(Data shown Opens)
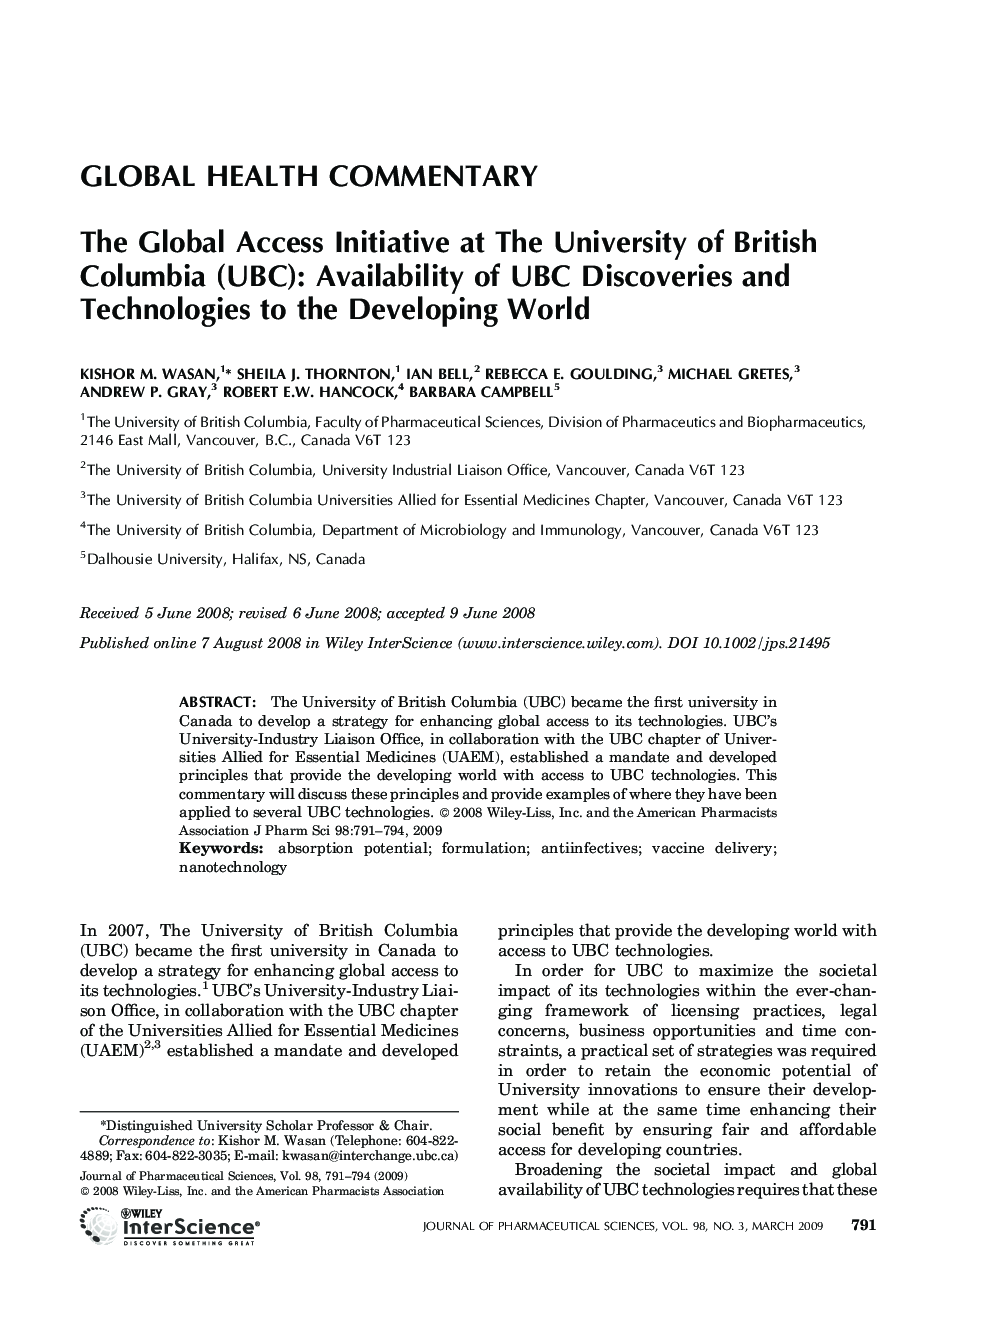 The Global Access Initiative at the University of British Columbia (UBC): Availability of UBC Discoveries and Technologies to the Developing World
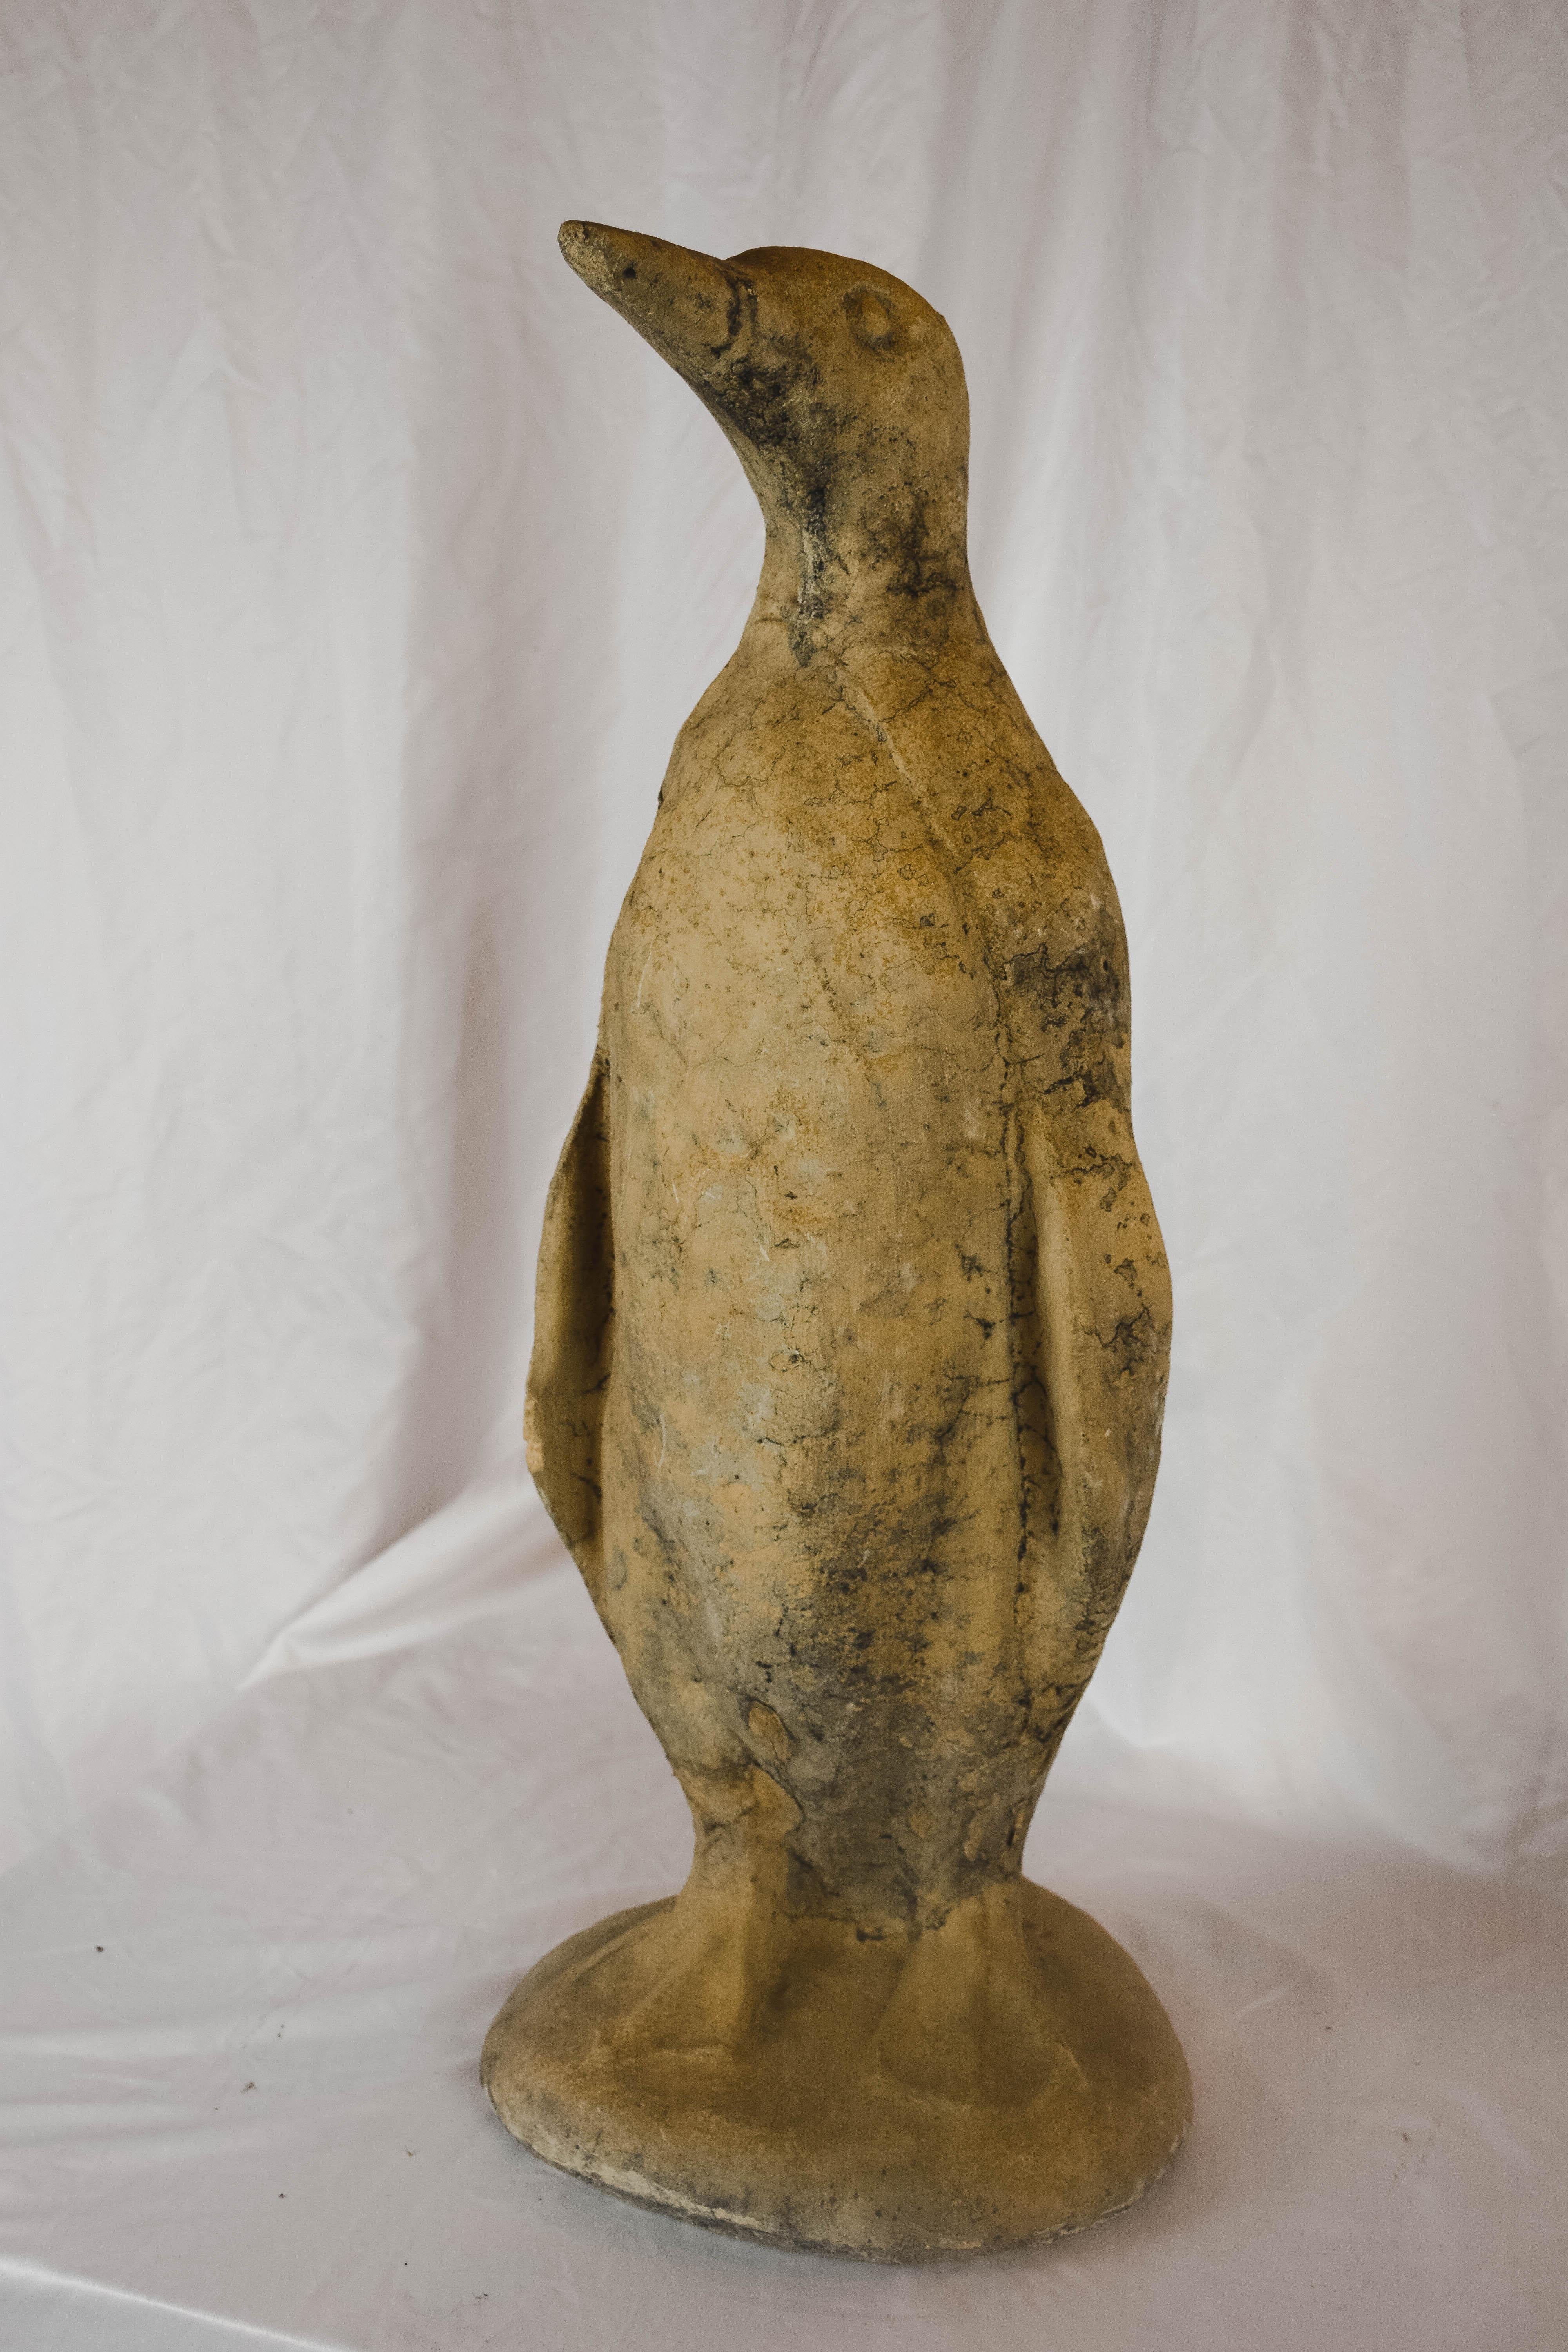 Found in Southern France, this charming vintage concrete garden element in the form of a penguin has wonderful aged patina. Would be wonderful both outdoors or in. 

2 available.
(Data shown Closes)
▶ [Exercise aim] Should there be pictures in the data, leave them out and return the rest exactly.

▶ [Solution for this task]
 The Global Access Initiative at the University of British Columbia (UBC): Availability of UBC Discoveries and Technologies to the Developing World
 Found in Southern France, this charming vintage concrete garden element in the form of a penguin has wonderful aged patina. Would be wonderful both outdoors or in. 

2 available.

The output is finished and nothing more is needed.